Luterstein Elaine, Cao Minsong, Lamb James M, Raldow Ann, Low Daniel, Steinberg Michael L, Lee Percy
Department of Radiation Oncology, David Geffen School of Medicine at UCLA, Los Angeles, California.
Adv Radiat Oncol. 2019 Oct 10;5(2):189-195. doi: 10.1016/j.adro.2019.09.008. eCollection 2020 Mar-Apr.
Previous studies have shown that stereotactic ablative radiation therapy (SABR) increases local control for cholangiocarcinoma, but gastrointestinal toxicity resulting from this treatment approach remains a concern. SABR using magnetic resonance-guided radiation therapy (MRgRT) may improve the therapeutic ratio of treatment for cholangiocarcinoma patients given the radiosensitivity of neighboring gastrointestinal organs.
Seventeen consecutive patients with unresectable locally advanced cholangiocarcinoma were treated with SABR using MRgRT between May 2015 and August 2017, subsequent to our previously reported series of patients treated using a standard Linac with cone beam computed tomography. Twelve patients presented with extrahepatic cholangiocarcinoma and 5 patients with intrahepatic tumors. MRgRT-based SABR was administered at a median dose of 40 Gy in 5 fractions.
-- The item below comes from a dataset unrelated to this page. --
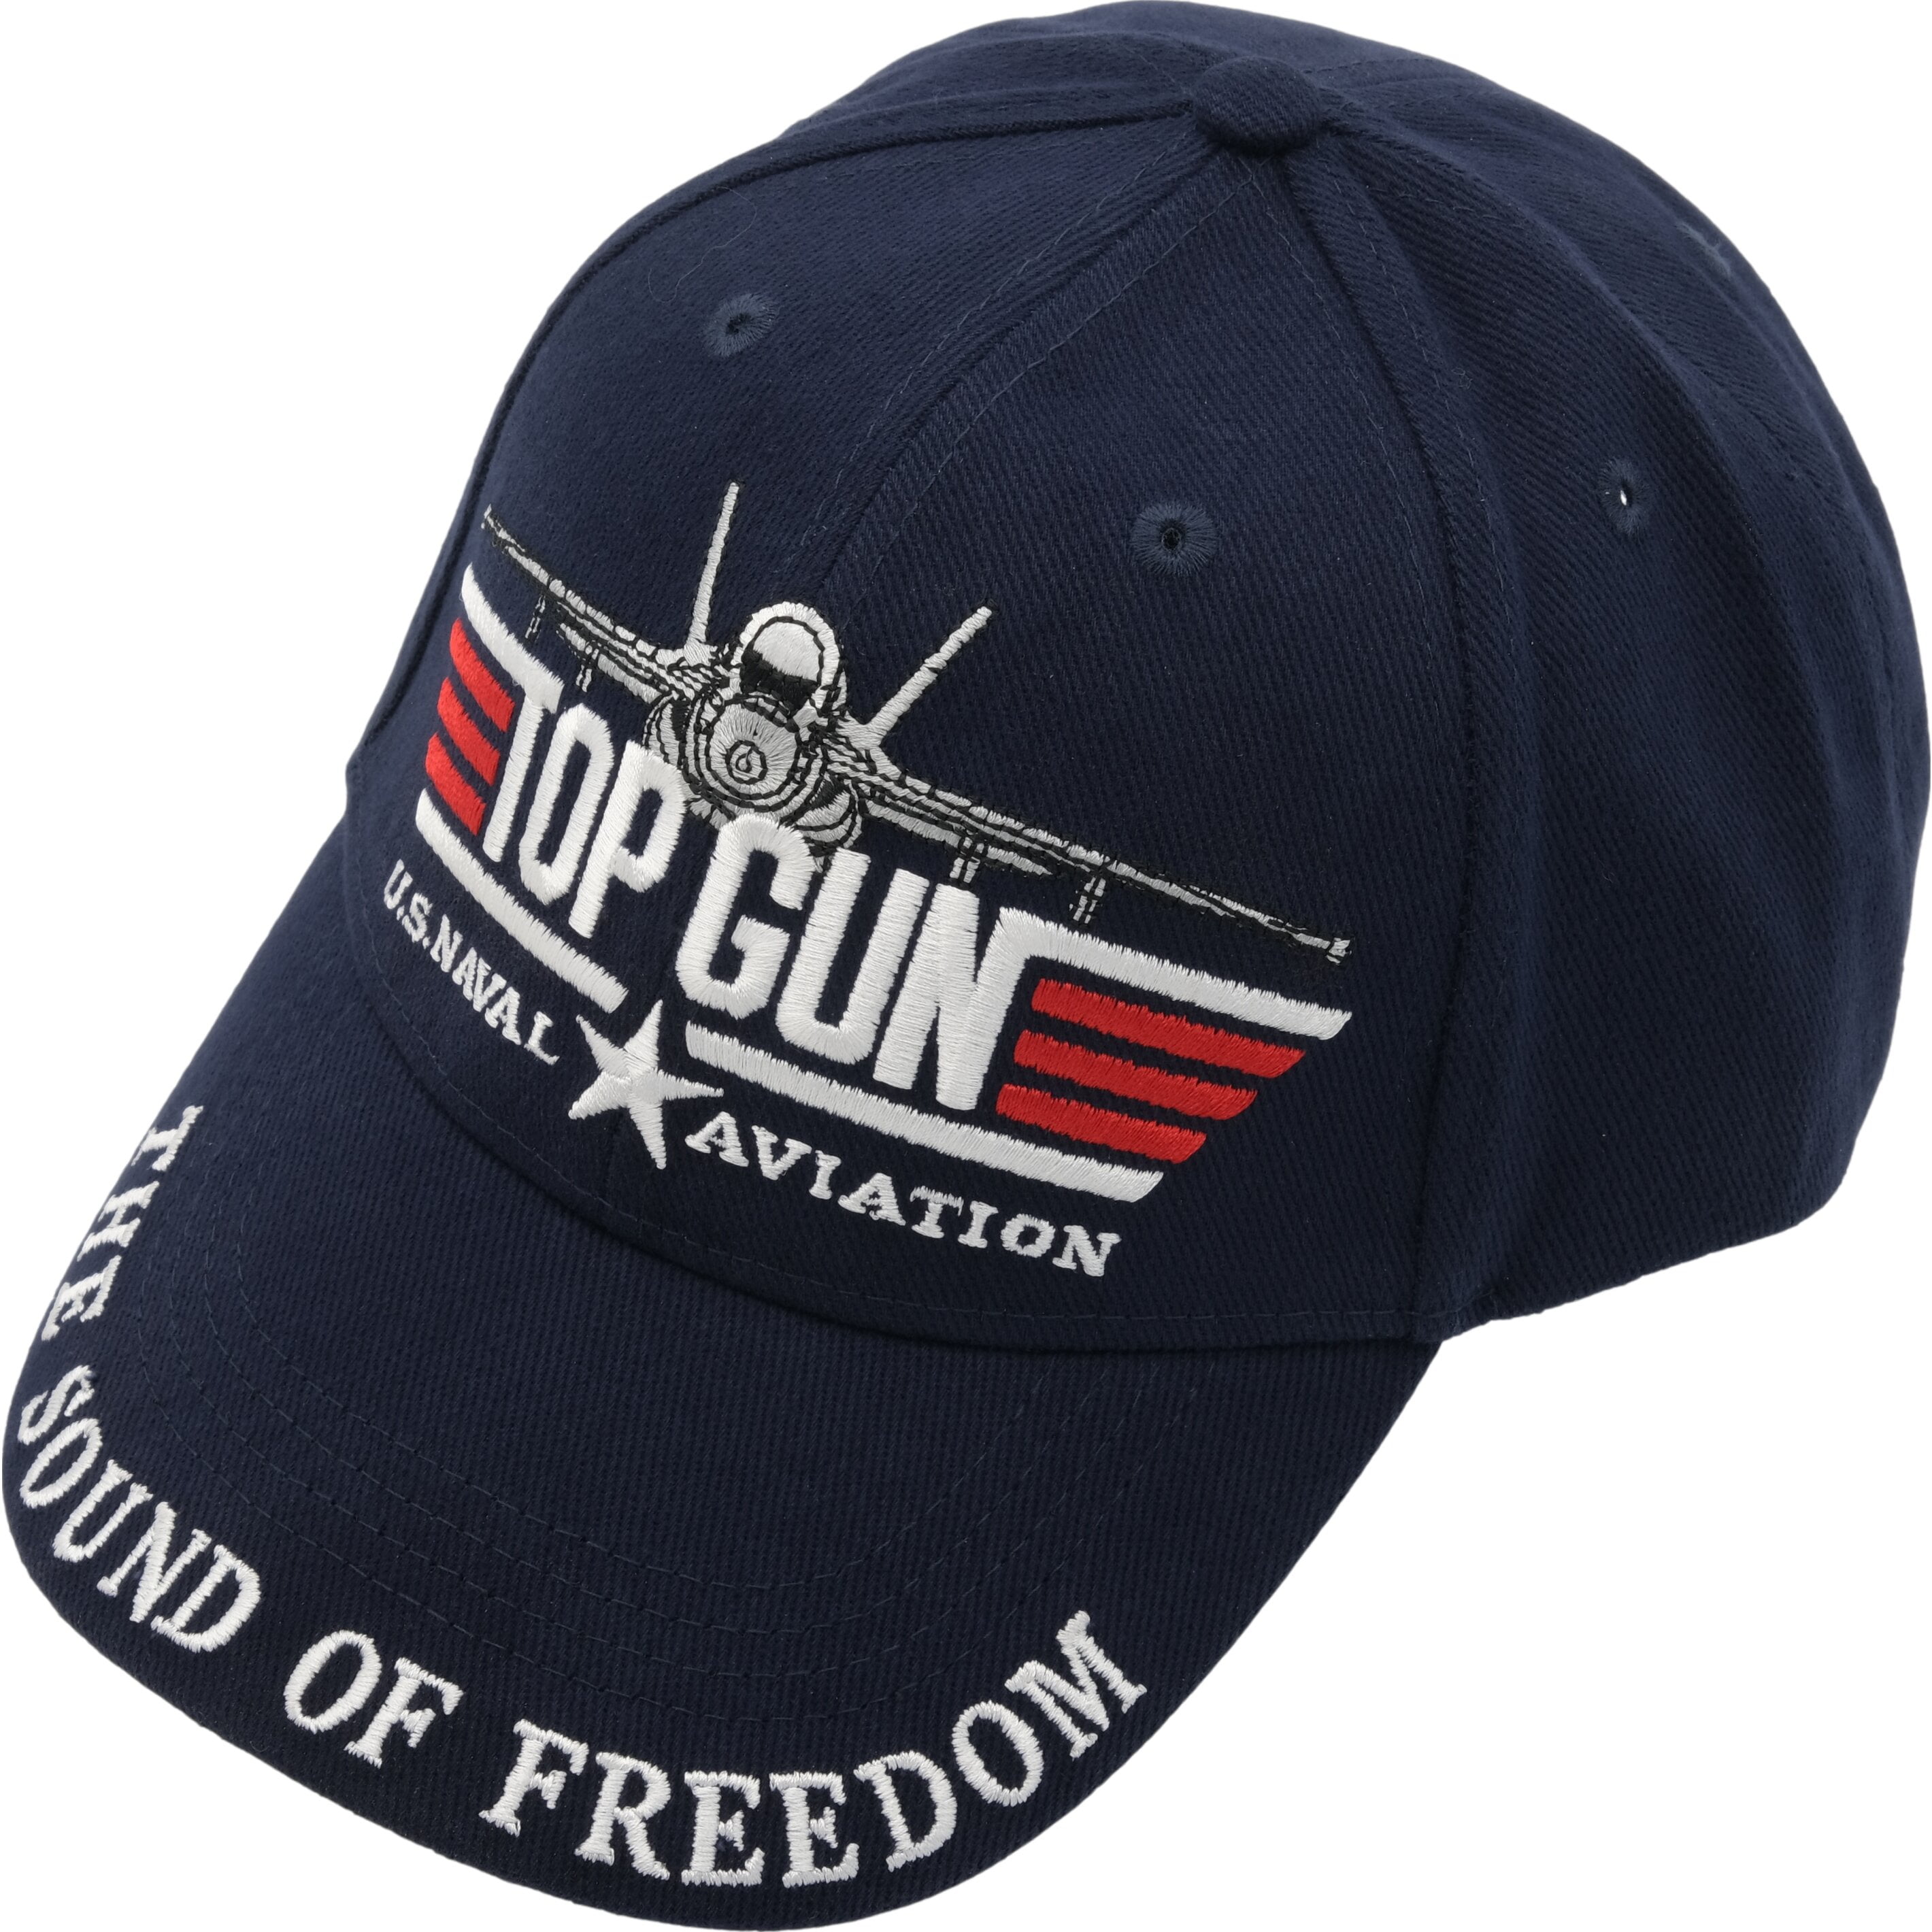 Top Gun Hat U.S.Navy Cap Aviation

The median overall survival (OS) was 18.5 months, with a 1-year OS of 76% and 2-year OS of 46.1%. Three of the 17 patients progressed locally, yielding a 1-year local control of 85.6% and a 2-year local control of 73.3%. Although 12 of 17 patients experienced an acute grade 1 toxicity, none experienced acute grade 2 toxicities. One patient had an acute grade 3 duodenal ulcer with perforation (6%), and one patient had a late radiation-related toxicity grade 2 gastritis/colitis.
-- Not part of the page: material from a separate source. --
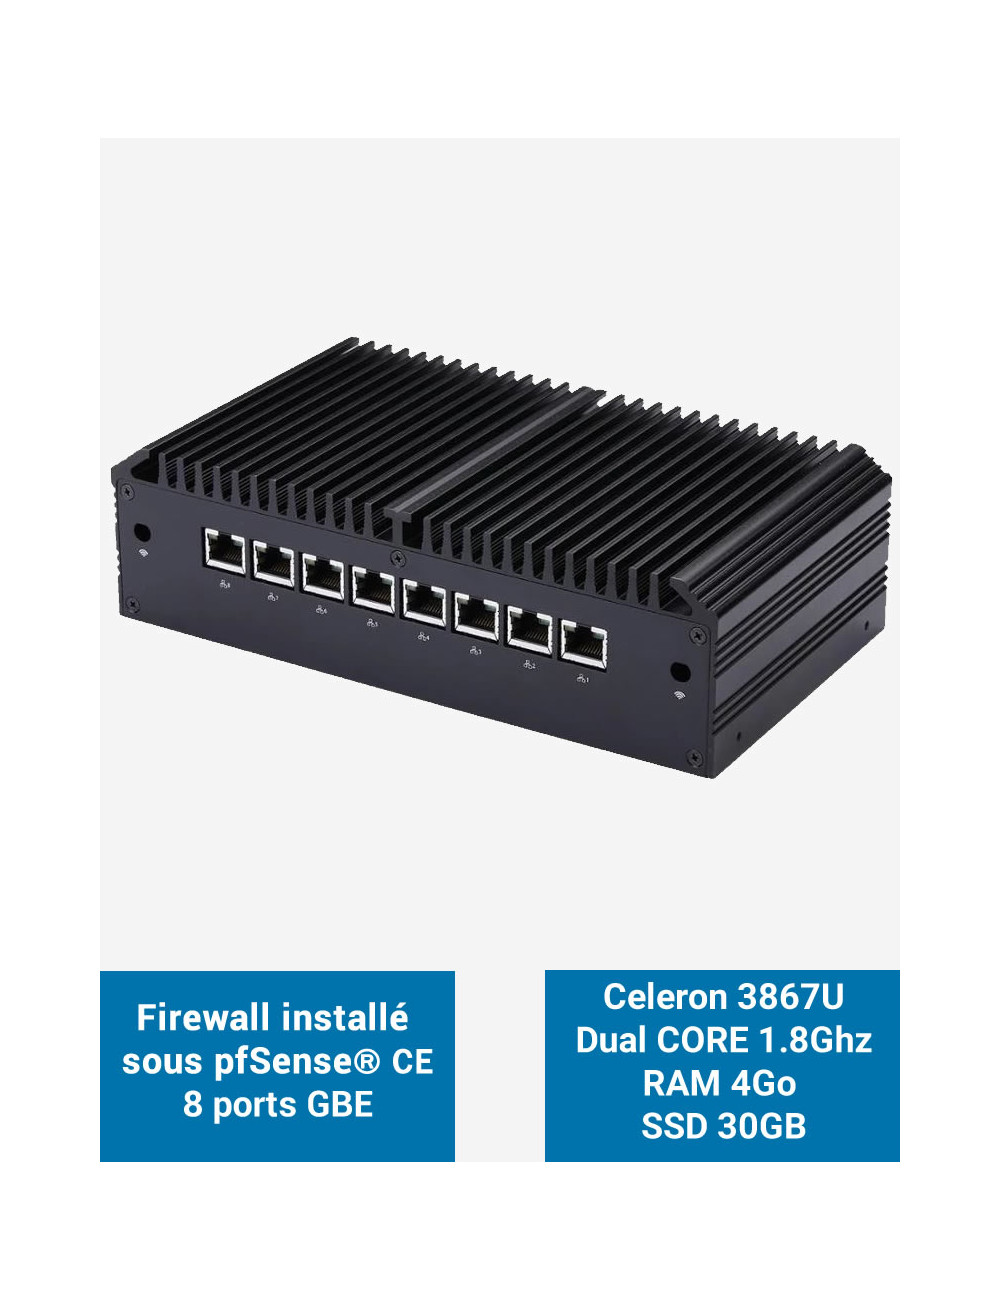 Firewall Q8x Celeron 3867U 8 ports GbE 4GB 30GB

Our findings demonstrate diminished toxicity and excellent overall survival and local control. The clinical outcomes and safety profile of SABR delivered with MRgRT suggest that MRgRT is a promising treatment approach for treating cholangiocarcinoma.
既往研究表明,立体定向消融放疗(SABR)可提高胆管癌的局部控制率,但这种治疗方法导致的胃肠道毒性仍是一个问题。鉴于邻近胃肠道器官的放射敏感性,使用磁共振引导放疗(MRgRT)的SABR可能会提高胆管癌患者的治疗比。
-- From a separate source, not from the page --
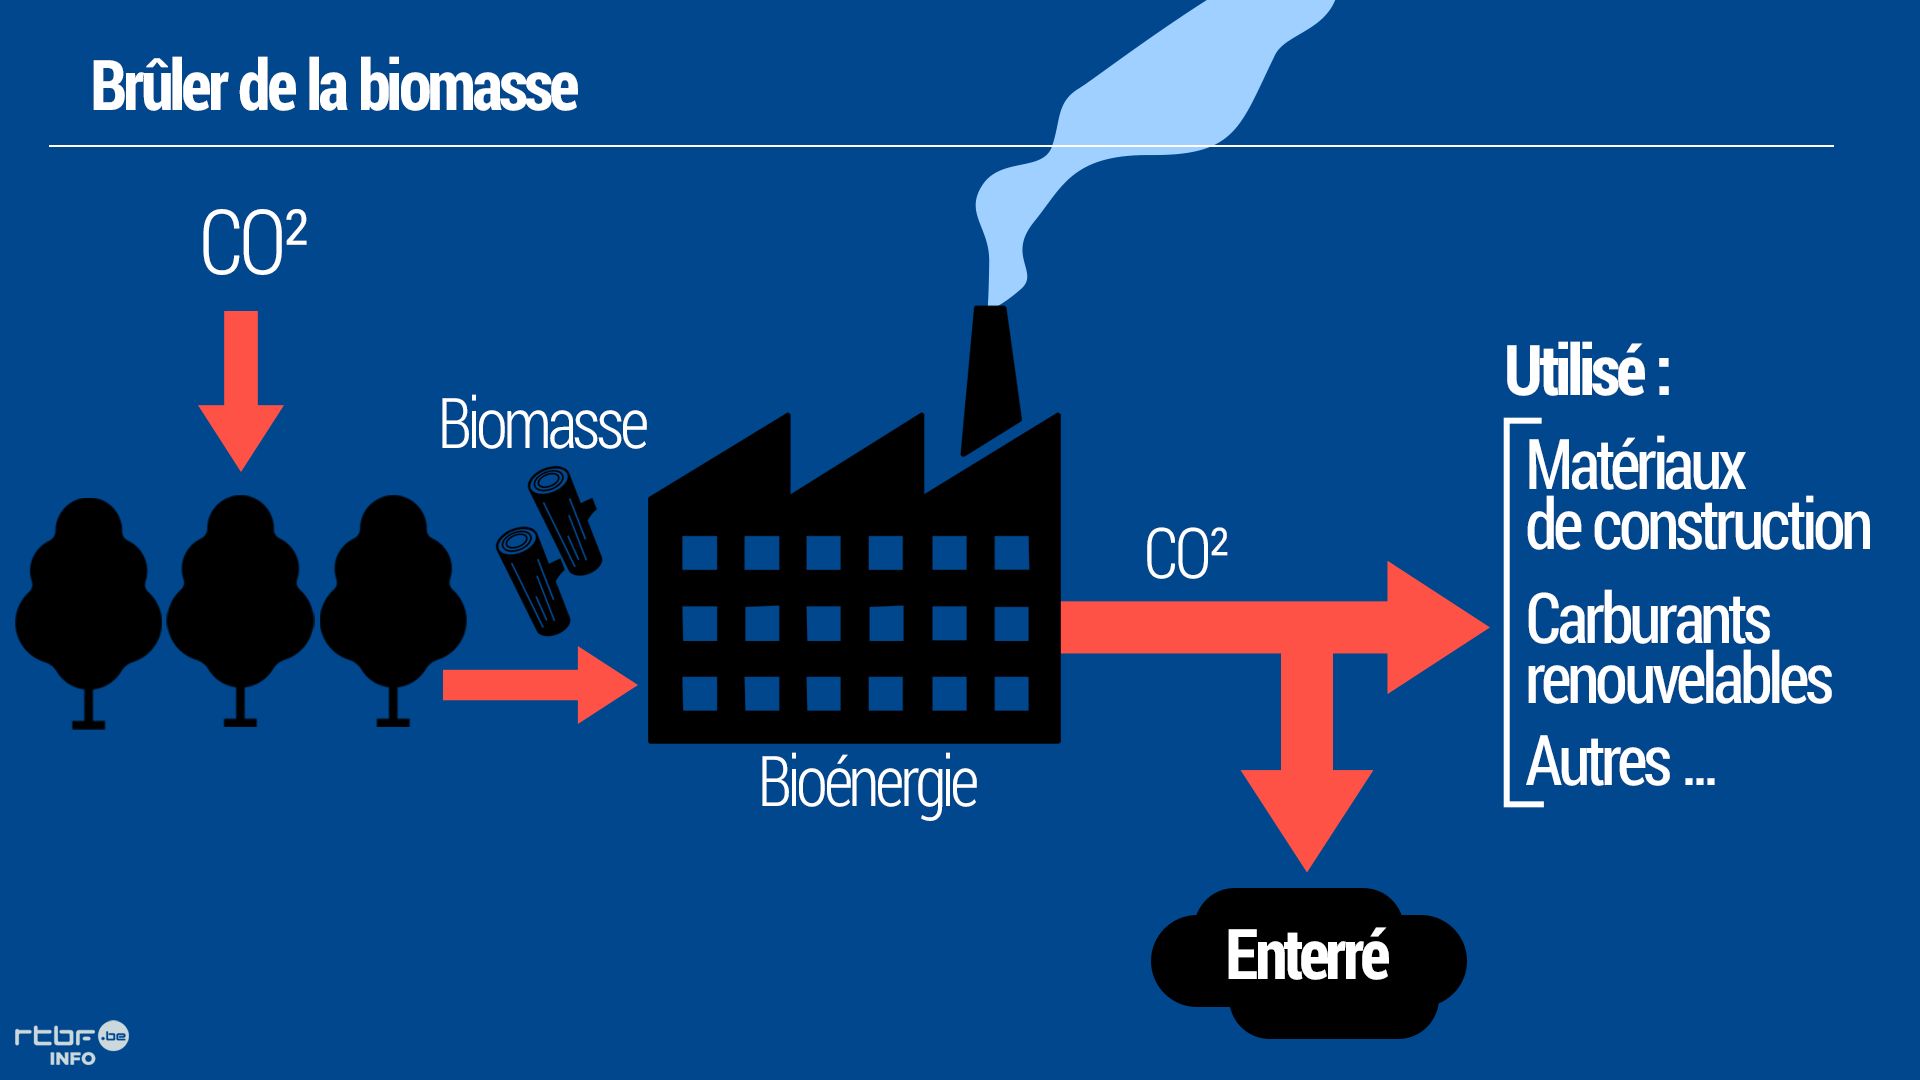 Brûler de la biomasse permet de retirer du CO2 de l’atmosphère

2015年5月至2017年8月期间,对17例连续的不可切除局部晚期胆管癌患者采用MRgRT进行SABR治疗,此前我们报道了一系列使用标准直线加速器结合锥形束计算机断层扫描治疗的患者。12例患者为肝外胆管癌,5例患者为肝内肿瘤。基于MRgRT的SABR中位剂量为40 Gy,分5次给予。
中位总生存期(OS)为18.5个月,1年总生存率为76%,2年总生存率为46.1%。17例患者中有3例出现局部进展,1年局部控制率为85.6%,2年局部控制率为73.3%。虽然17例患者中有12例经历了1级急性毒性反应,但无一例经历2级急性毒性反应。1例患者发生3级急性十二指肠溃疡穿孔(6%),1例患者发生2级晚期放射性胃炎/结肠炎。
我们的研究结果表明毒性降低,总生存期和局部控制良好。MRgRT进行SABR的临床结果和安全性表明,MRgRT是一种有前景的胆管癌治疗方法。